One computing device may be a client computing device 202. The client computing device 202 may have a processor 204 and a memory 206. The processor may be a central processing unit, a repurposed graphical processing unit, and/or a dedicated controller such as a microcontroller. The client computing device 202 may further include an input/output (I/O) interface 208, and/or a network interface 210. The I/O interface 208 may be any controller card, such as a universal asynchronous receiver/transmitter (UART) used in conjunction with a standard I/O interface protocol such as RS-232 and/or Universal Serial Bus (USB). The network interface 210, may potentially work in concert with the I/O interface 208 and may be a network interface card supporting Ethernet and/or Wi-Fi and/or any number of other physical and/or datalink protocols.

Memory 206 is any computer-readable media that may store software components including an operating system 212, software libraries 214, and/or software applications 216. In general, a software component is a set of computer-executable instructions stored together as a discrete whole. Examples of software components include binary executables such as static libraries, dynamically linked libraries, and executable programs. Other examples of software components include interpreted executables that are executed on a run time such as servlets, applets, p-Code binaries, and Java binaries. Software components may run in kernel mode and/or user mode.
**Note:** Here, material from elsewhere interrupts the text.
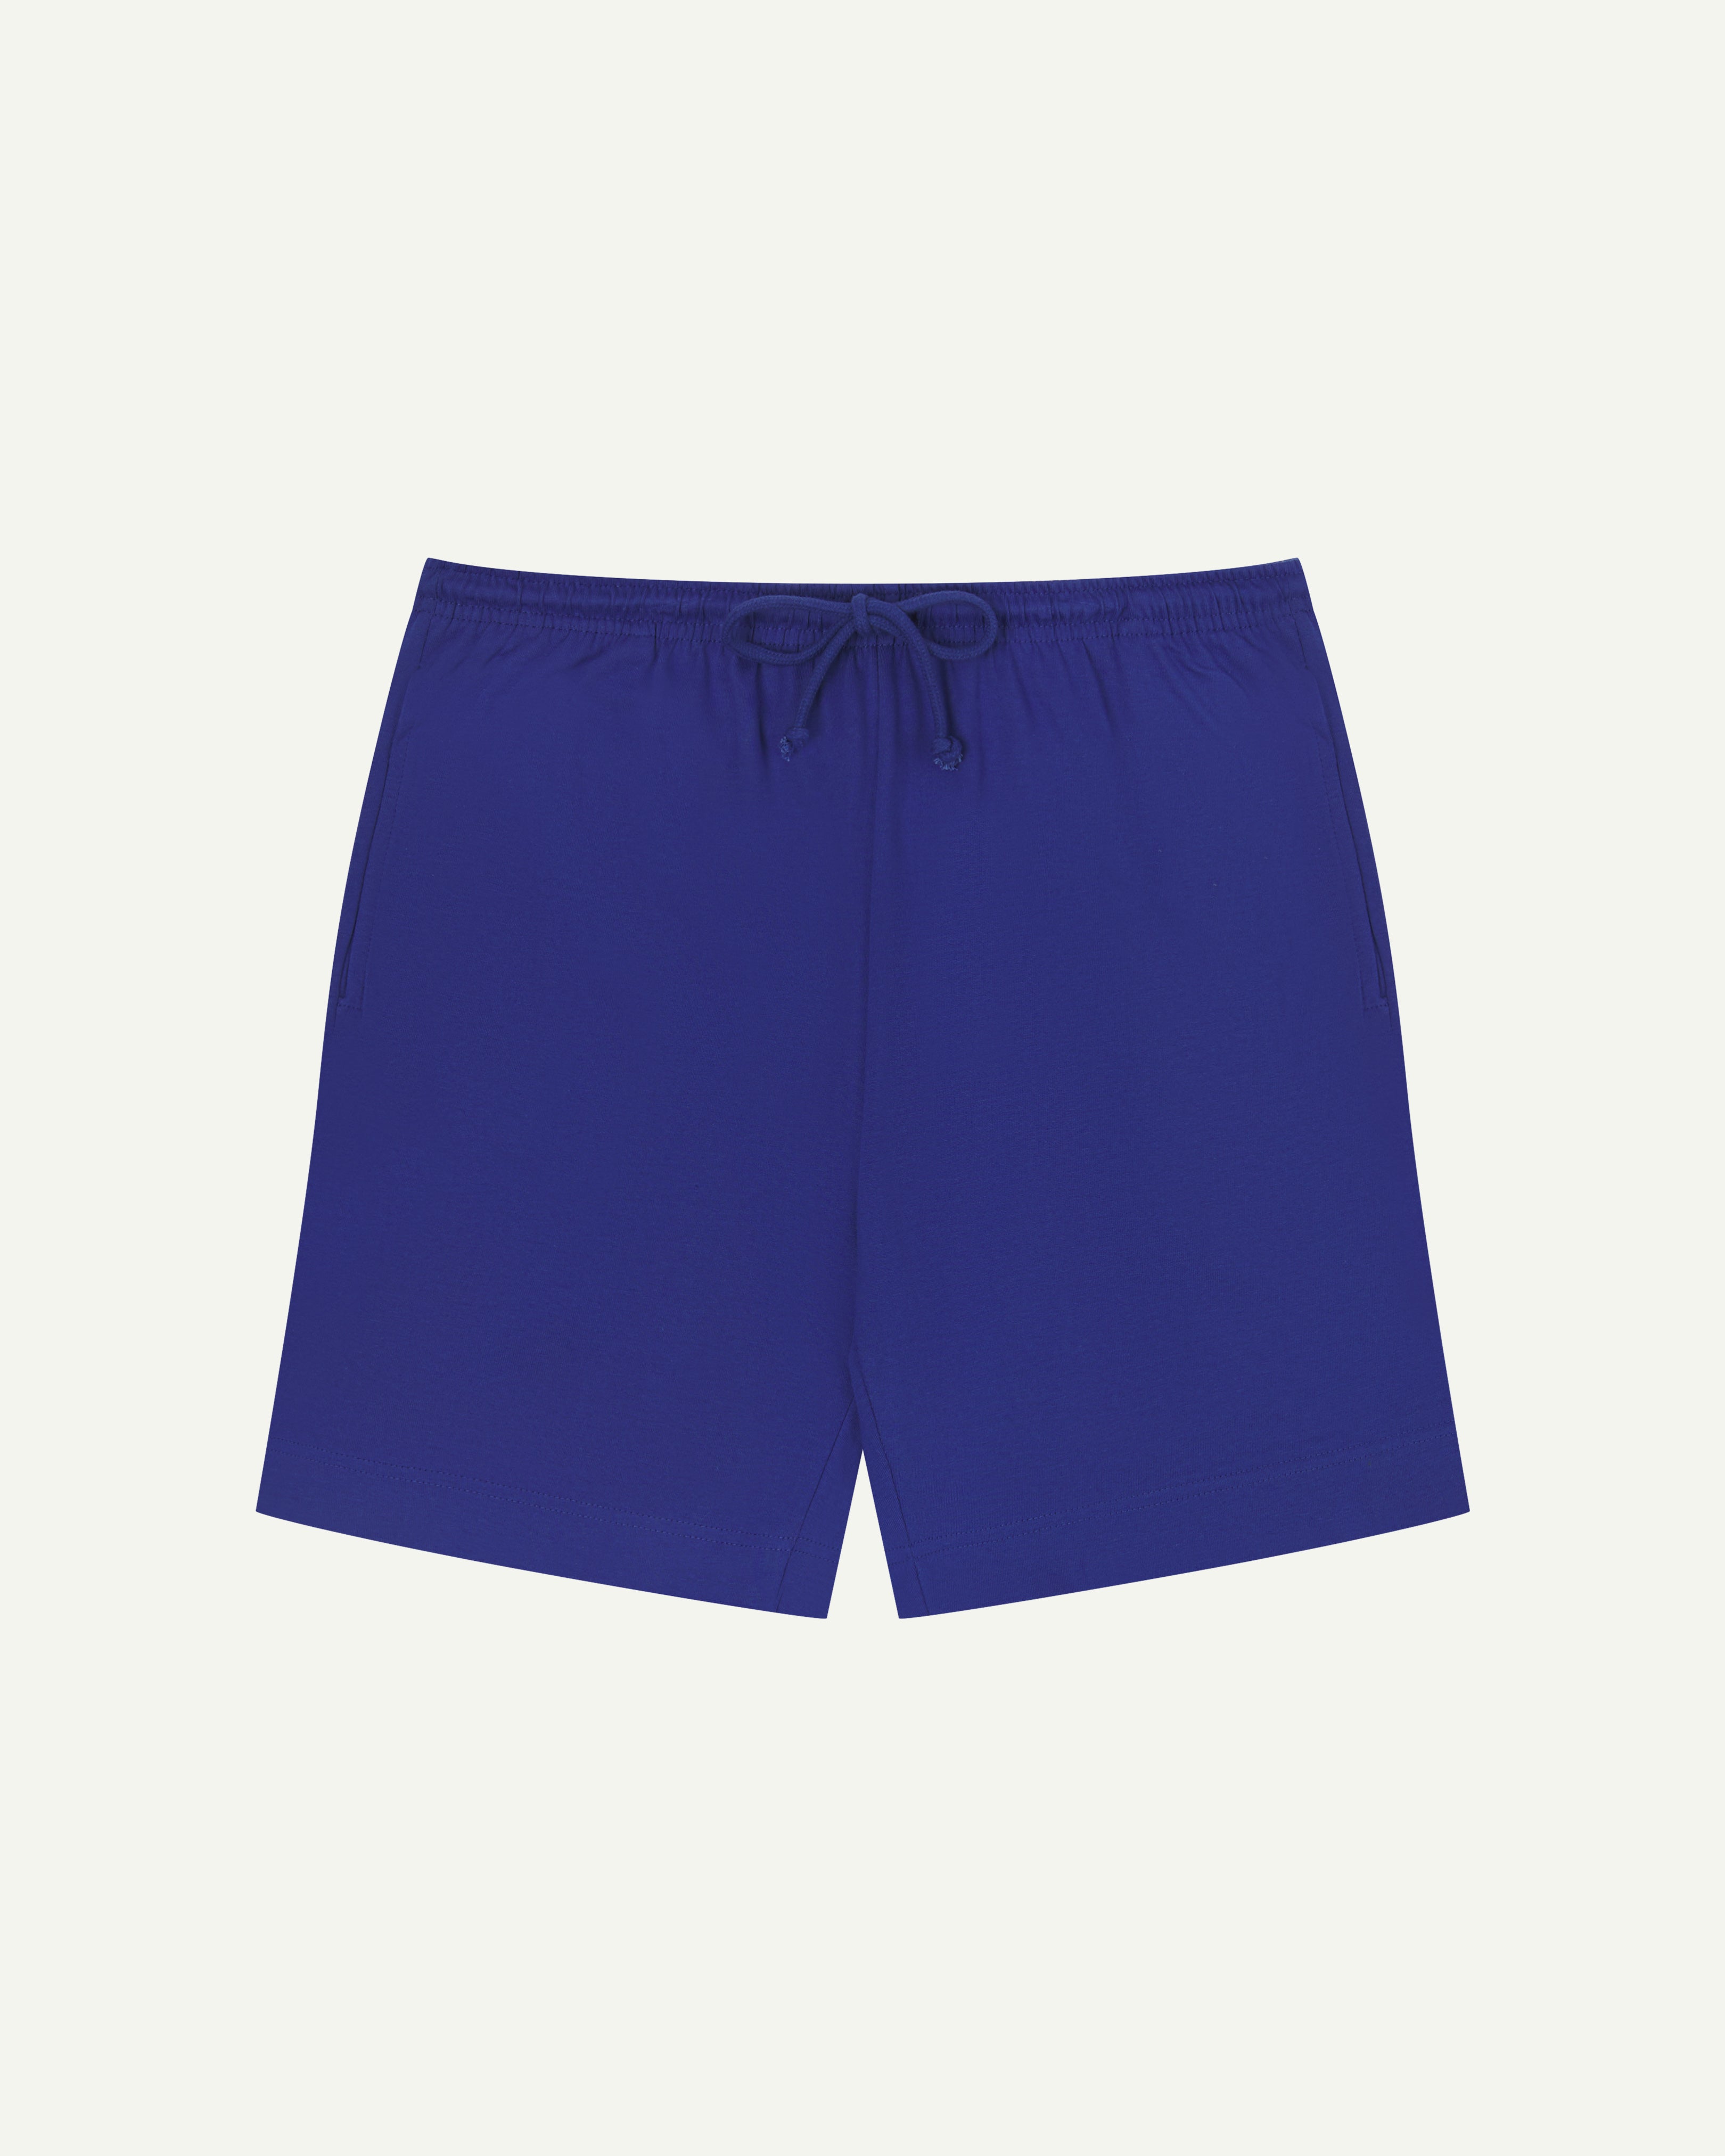 Front view of bright blue organic cotton #7007 men's shorts by Uskees against white background. Clear view of drawstring waist.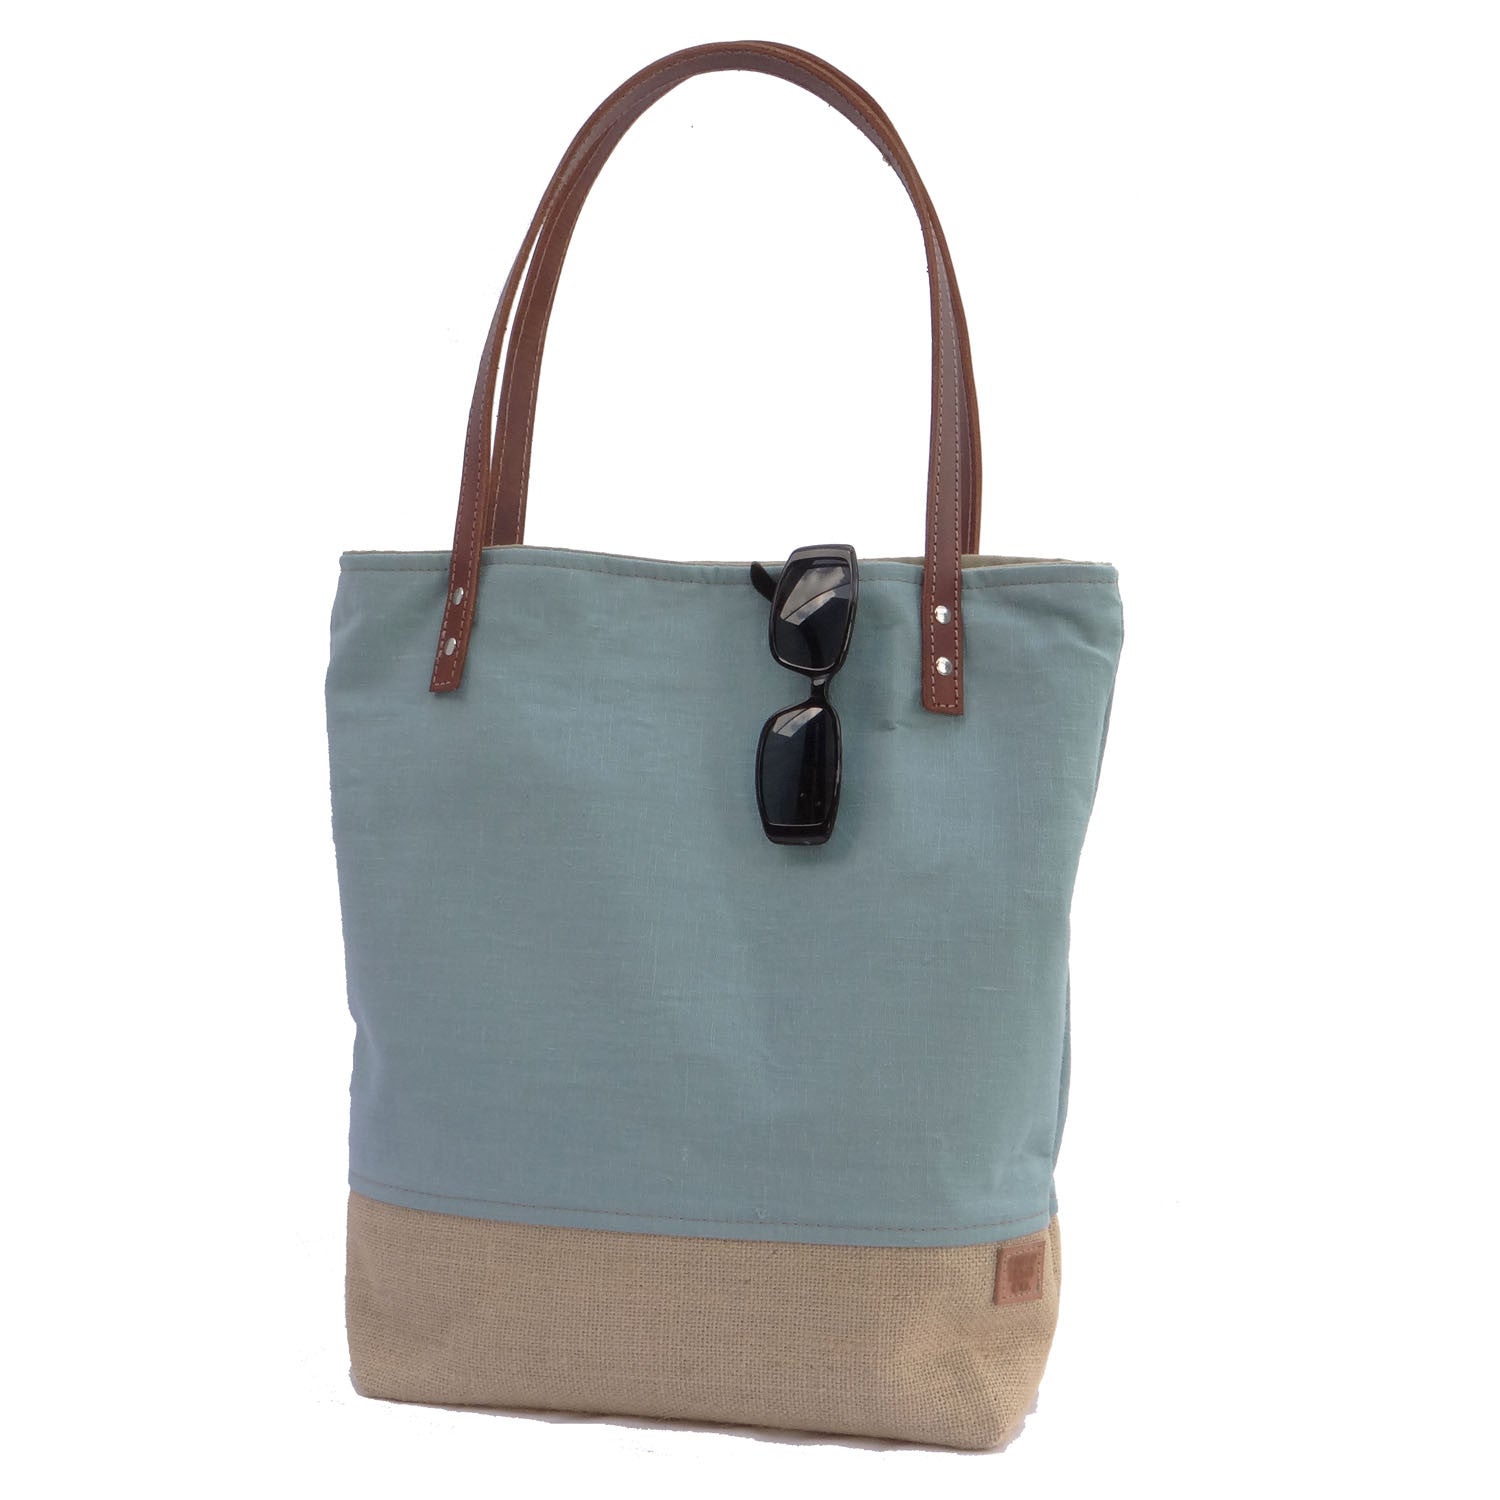 Panama Linen and Burlap Tote Bag - Blue and Beige | 1820 Bag Co.

Computer-readable media includes, at least, two types of computer-readable media, namely computer storage media and communications media. Computer storage media includes volatile and non-volatile, removable, and non-removable media implemented in any method or technology for storage of information such as computer-readable instructions, data structures, program modules, or other data. Computer storage media includes, but is not limited to, RAM, ROM, EEPROM, flash memory or other memory technology, CD-ROM, digital versatile disks (DVD) or other optical storage, magnetic cassettes, magnetic tape, magnetic disk storage or other magnetic storage devices, or any other non-transmission medium that can be used to store information for access by a computing device. In contrast, communication media may embody computer-readable instructions, data structures, program modules, or other data in a modulated data signal, such as a carrier wave, or other transmission mechanisms. As defined herein, computer storage media does not include communication media.

A server 218 is any computing device that may participate in a network. The network may be, without limitation, a local area network (“LAN”), a virtual private network (“VPN”), a cellular network, or the Internet. The server 218 is similar to the host computer for the image capture function. Specifically, it may include a processor 220, a memory 222, an input/output interface 224, and/or a network interface 228. In the memory may be an operating system 228, software libraries 230, and server-side applications 232. Server-side applications include file servers and databases including relational databases. Accordingly, the server 218 may have a data store 234 comprising one or more hard drives or other persistent storage devices.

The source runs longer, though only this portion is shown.